Dezaktywacja punktu kontrolnego
Inaktywacja zarówno Wee1, jak i Cdc25 znosi punkt kontrolny uszkodzenia DNA G2-M. Brak Wee1 lub usunięcie miejsca tyrozyny-15 usuwa negatywną regulację aktywności Cdc2 i powoduje, że komórki wchodzą w mitozę bez zakończenia naprawy, co skutecznie znosi punkt kontrolny G2-M. Brak Cdc25 zatrzymuje komórki w G2, ale nadal umożliwia aktywację punktu kontrolnego G2-M, co sugeruje, że zarówno aktywacja Wee1, jak i dezaktywacja Cdc25 są ważnymi krokami regulacyjnymi w punkcie kontrolnym.

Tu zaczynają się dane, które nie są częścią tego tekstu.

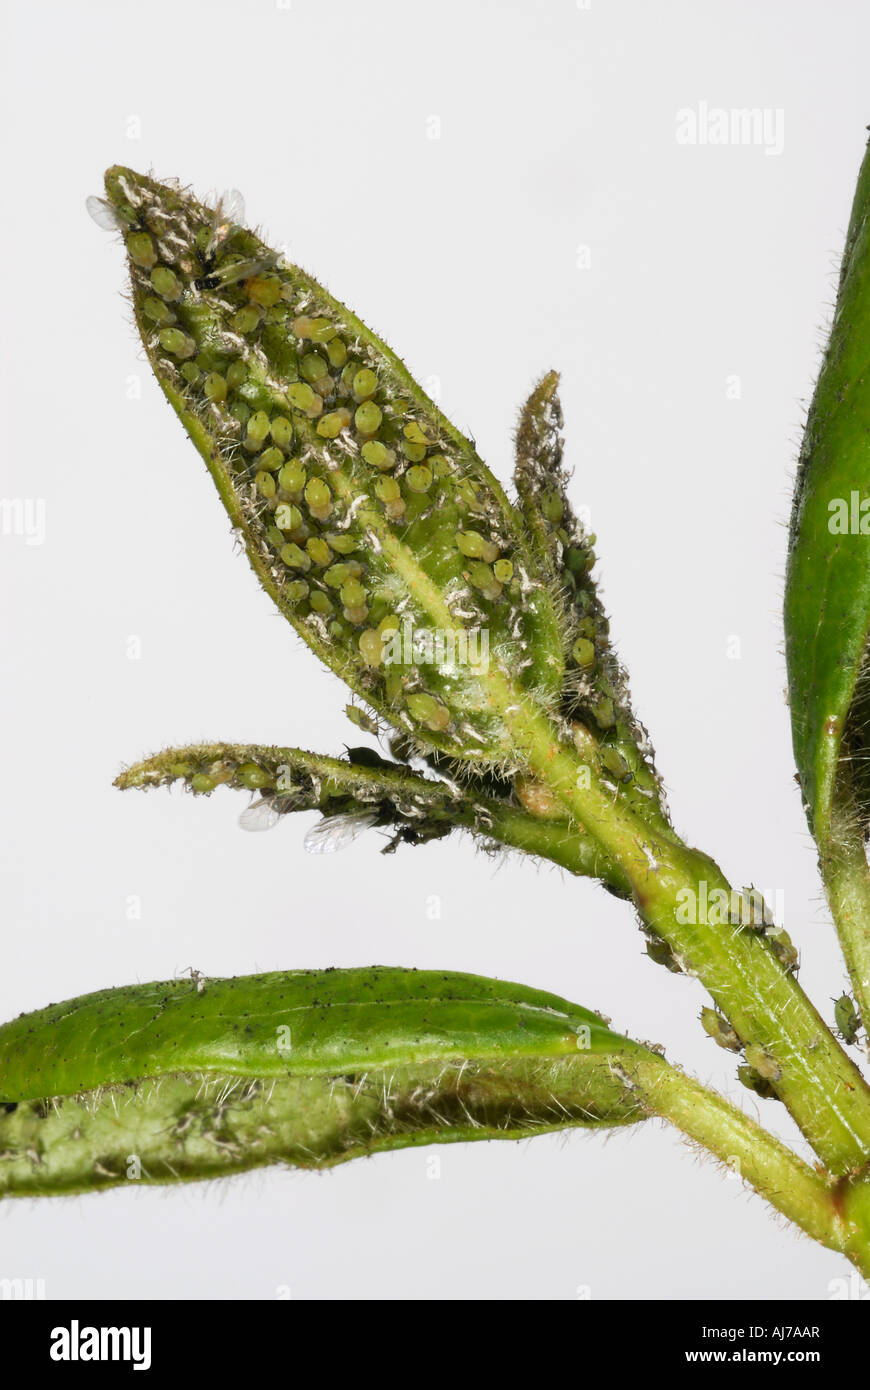 Une infestation de pucerons non identifiés sur la face inférieure d'un Viburnum leaf Banque D'Images

Inaktywacja Chk1 jest wystarczająca, aby przekroczyć punkt kontrolny i promować wejście w mitozę, niezależnie od tego, czy uszkodzenie DNA zostanie naprawione. Jednak wciąż niewiele wiadomo na temat dokładnego mechanizmu dotyczącego terminacji punktów kontrolnych z możliwymi mechanizmami, w tym fosfatazami białkowymi odwracającymi aktywujące fosforylacje, ukierunkowaną degradacją ubikwityny białek aktywujących i antagonistami punktów kontrolnych promującymi mitozę poprzez niezależne szlaki.
Rak
Stwierdzono, że wiele regulatorów cyklu komórkowego, takich jak Cdks, cykliny i p53, ma nieprawidłową ekspresję w raku. Mówiąc dokładniej, biorą udział w przejściu G2/M poprzez lokalizację w centrosomie, co prowadzi do badań nad manipulowaniem takimi białkami w celu poprawy wrażliwości raka na promieniowanie i chemioterapię. Chk1 ma ważne implikacje w ukierunkowaniu leków na raka, ponieważ jego funkcja działa w odpowiedzi na uszkodzenie DNA. Cytotoksyczne skutki chemioterapii są obecnie badane w zakresie modulacji przejścia G2/M, zarówno w odniesieniu do zniesienia punktu kontrolnego, jak i zatrzymania punktu kontrolnego. Wiele terapii koncentruje się na inaktywacji punktu kontrolnego, aby zmusić komórki z nadmiernym uszkodzeniem DNA do przejścia przez mitozę i wywołania śmierci komórki.